Viceroyalty of New Spain (partial)

In 1820, Tejas (Texas) was a province of New Spain.  In that year, the population of Hispanics living in Texas was around 1,700 — mainly concentrated in San Antonio, but with a spattering of people also living in Nacogdoches and Goliad.  In two hundred years, the population of Texas has grown to more than 29-million.  It would be somewhat of an understatement to say that the story of Texas is one of human migration.

Spain’s Problem

Within the Spanish Empire, a viceroy was an official who governed in the name of and as the representative of the King of Spain.  The word, literally translated from Latin, means “In the place of the King.”  The Viceroyalty of New Spain involved a massive territory that included present-day Mexico, Texas, New Mexico, Arizona, Nevada, California, Utah, Colorado, Kansas, Missouri, parts of Louisiana, Central America, the northern part of South America, and the Pacific Ocean archipelagos of the Philippines Islands, and Guam.  It was more land than Spain could populate or control through military conquest or colonial settlements.

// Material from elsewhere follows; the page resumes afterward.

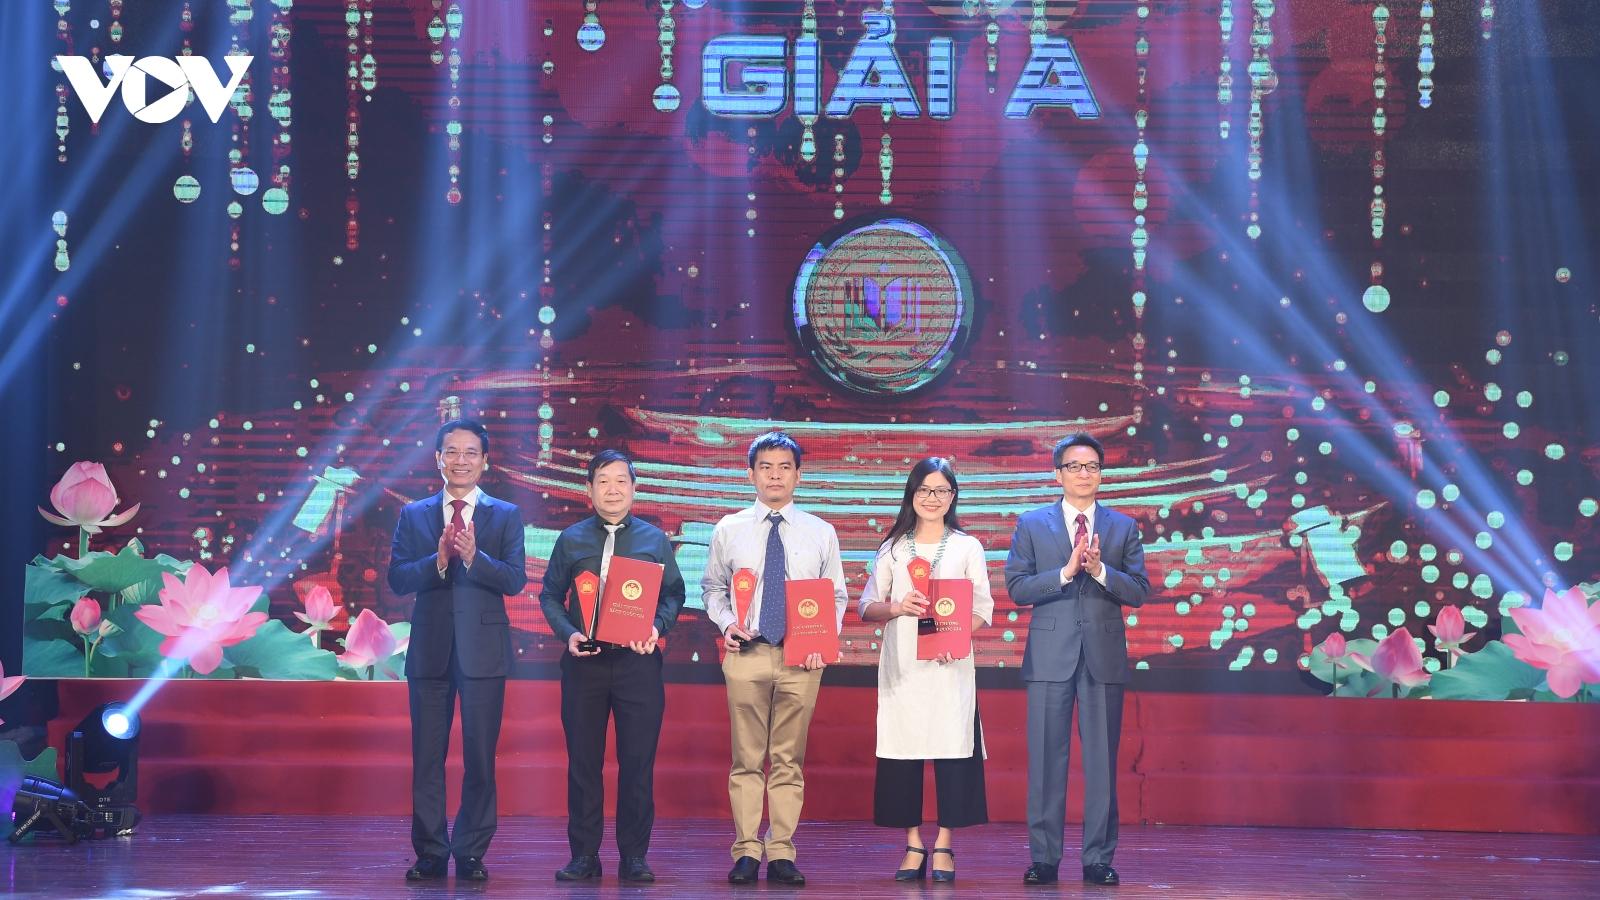 Toàn cảnh lễ trao giải thưởng Sách Quốc gia lần thứ ba - 2020

Spanish officials were well aware of their problems, but they simply did not have the resources to address them.  Given the isolation of San Antonio and surrounding areas, few Spaniards were interested in settling in Texas, particularly given the frequency of Indian hostilities and Spain’s inability to protect them.

In most other areas of its New World expeditions, Spain was quite successful in conquering native populations and subordinating them to the will of the Spanish Crown — but this was not the case in Texas.  Fifty-thousand Comanche Indians living within the vast region of the Comancheria represented the most lethal and fearless mounted force in the entire area of North America’s Southwest.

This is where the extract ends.